LIKE the education system, the Irish health service was largely run by religious orders in the past. The nuns set up many of Ireland’s hospitals in the 19th and 20th centuries. In 2001, when the Sisters of Mercy sold the Mater to the state for €22m, it insisted that its Catholic ethos, first espoused by the order’s founder Catherine McAuley, be retained. Several nuns still sit on the board of directors, including Sr Margherita Rock, the hospital’s director of mission effectiveness. Rock is also one of the members of the ethics committee, as is Sr Eugene Nolan. Before doctors start to work at the hospital, they have to sign contracts containing a stipulation dubbed “the bishop’s clause” that requires them to adhere to the ethos of the hospital.

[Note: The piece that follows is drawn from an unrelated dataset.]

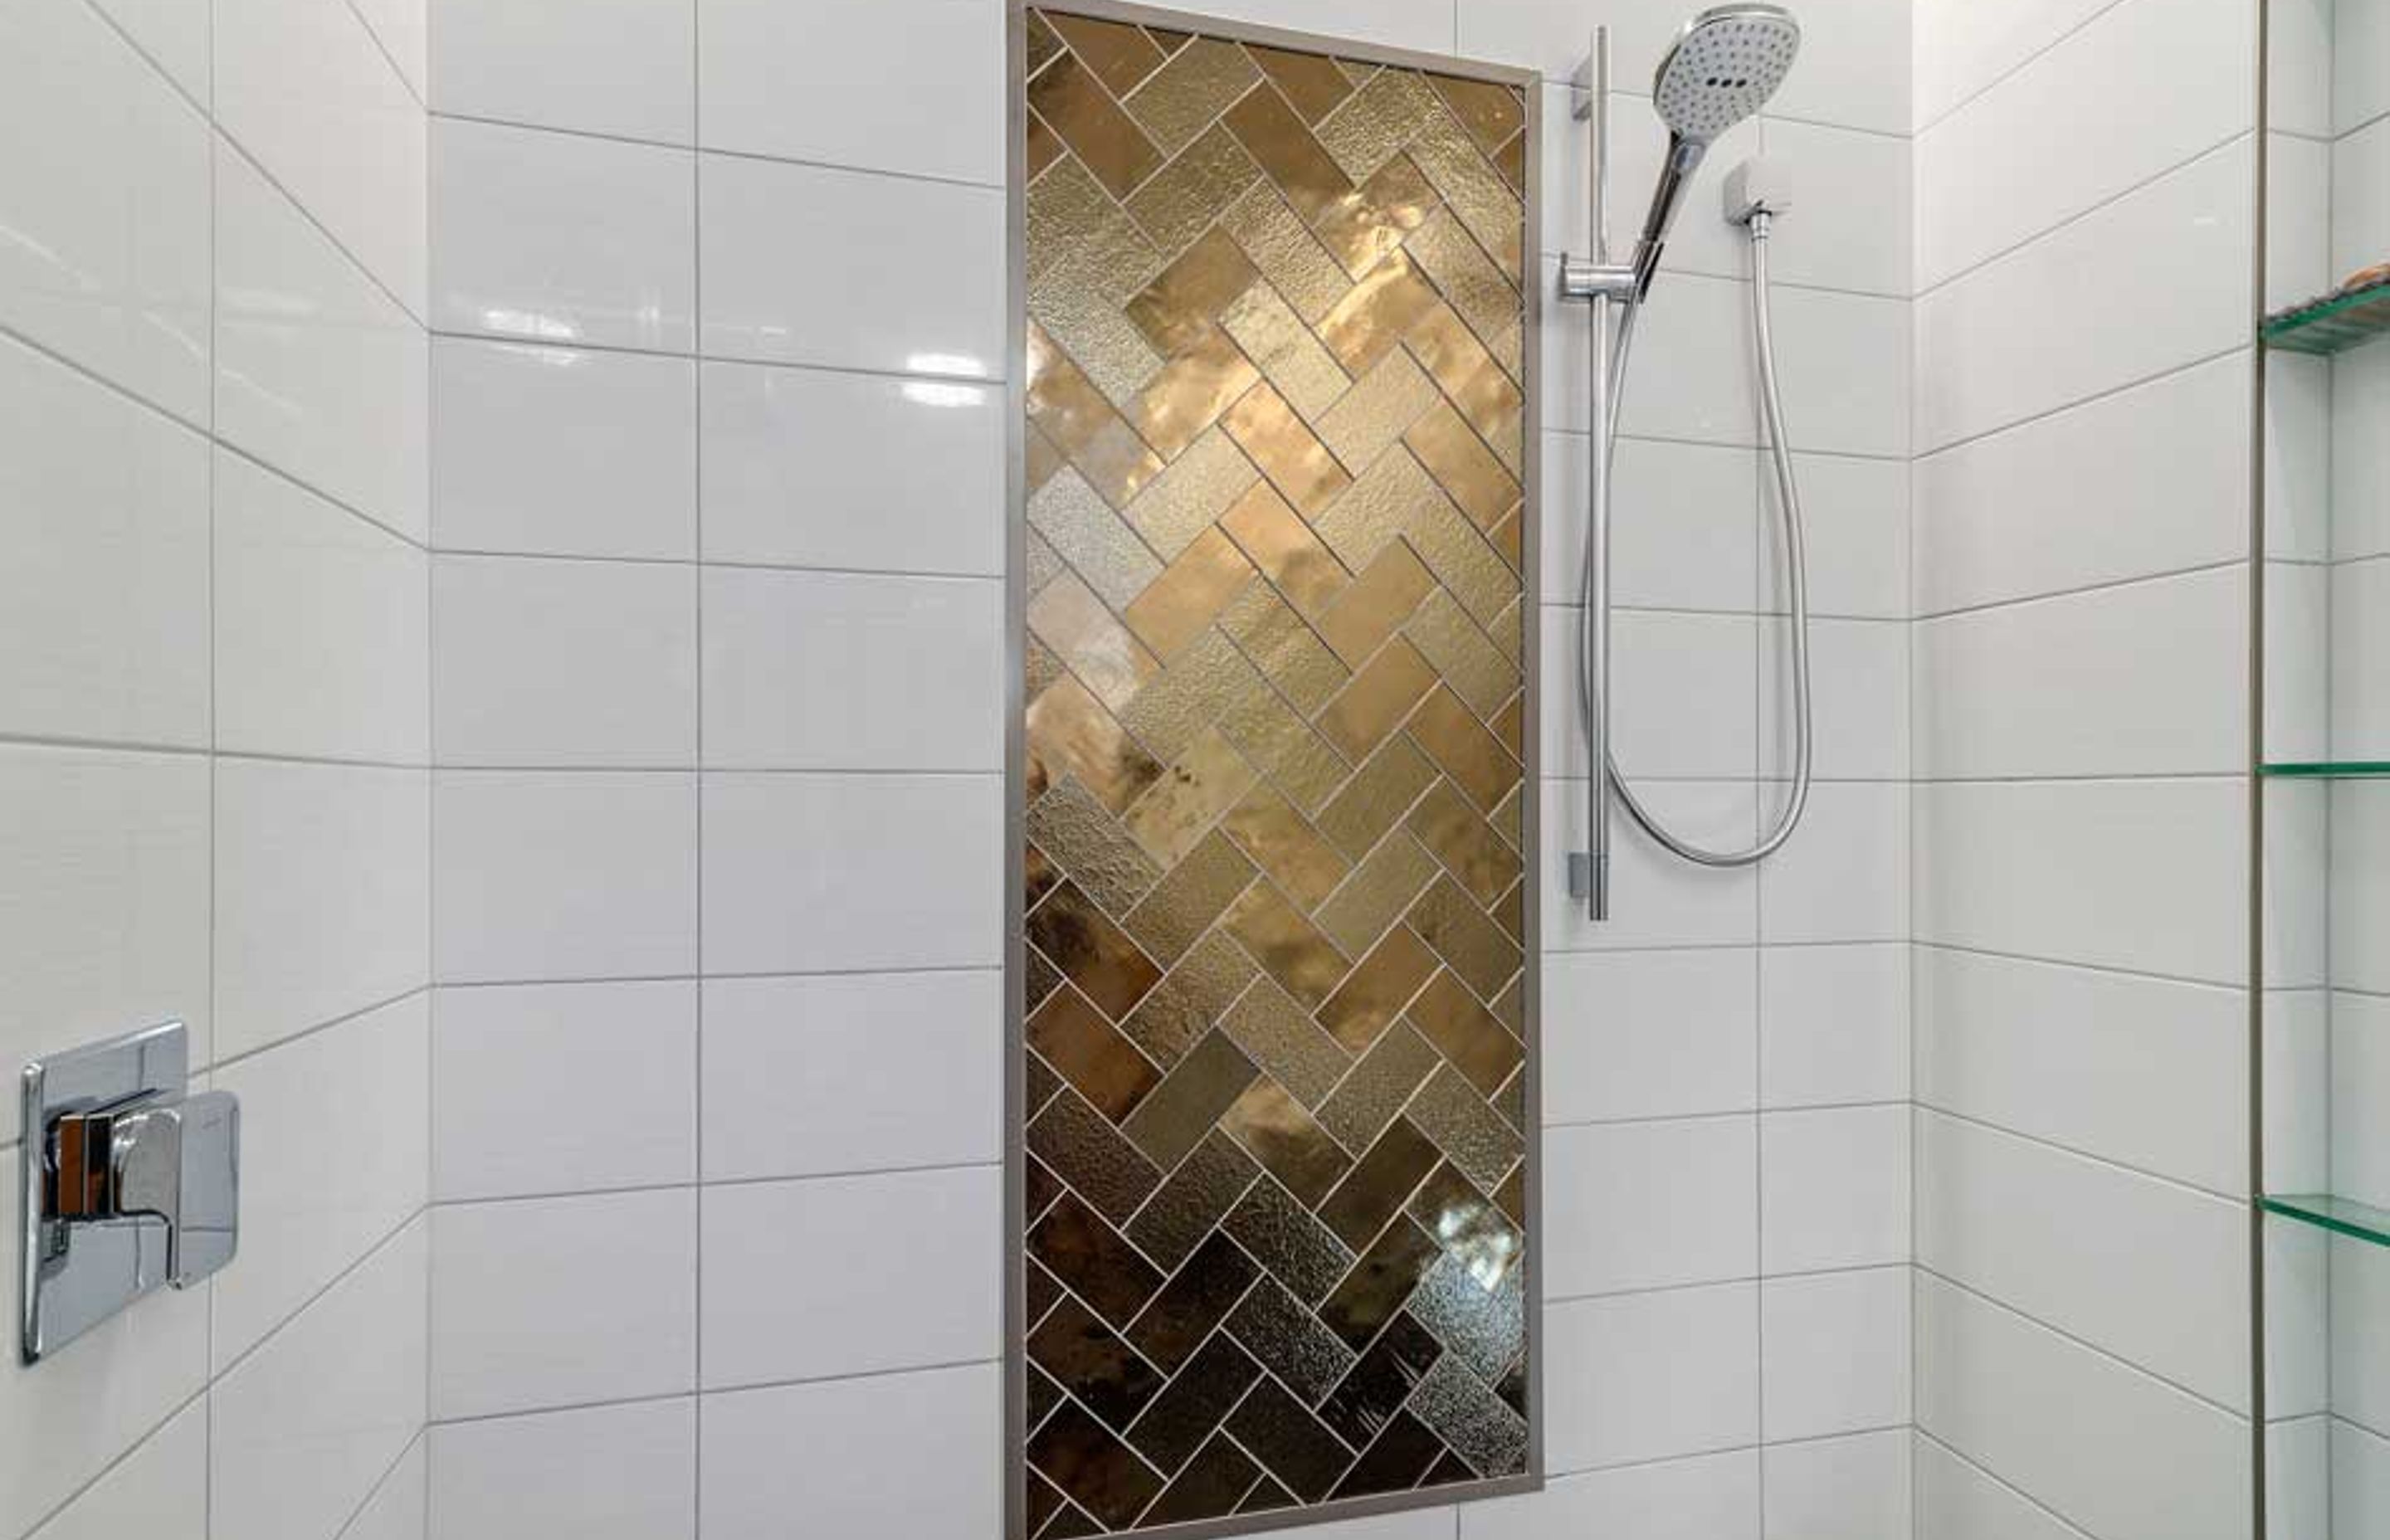 These bronze glass tiles are definitely a feature inside this double shower - and the herringbone pattern adds interest

The Mater prohibits female sterilisation, a standard procedure in non-Catholic-run institutions, and some fertility treatments.
When Roche, the pharmaceutical giant, laid down in its patient leaflet for Tarceva submitted to the Mater that women had to use contraception during treatment, the hospital cried foul.
“The situation is crystal clear,” said Mark Rogers, managing director of Roche Ireland, who intervened in the row after being accused of “bullying and trampling on the Catholic ethos” by the hospital in a radio interview.
“It is wholly inappropriate for women being treated for cancer to become pregnant. We would be acting irresponsibly, grossly immorally and possibly illegally if we didn’t insist on preventing pregnancy. To give the widest possible choice to patients, we included the word abstinence, but the Mater obviously just saw the word contraception and didn’t read beyond that.”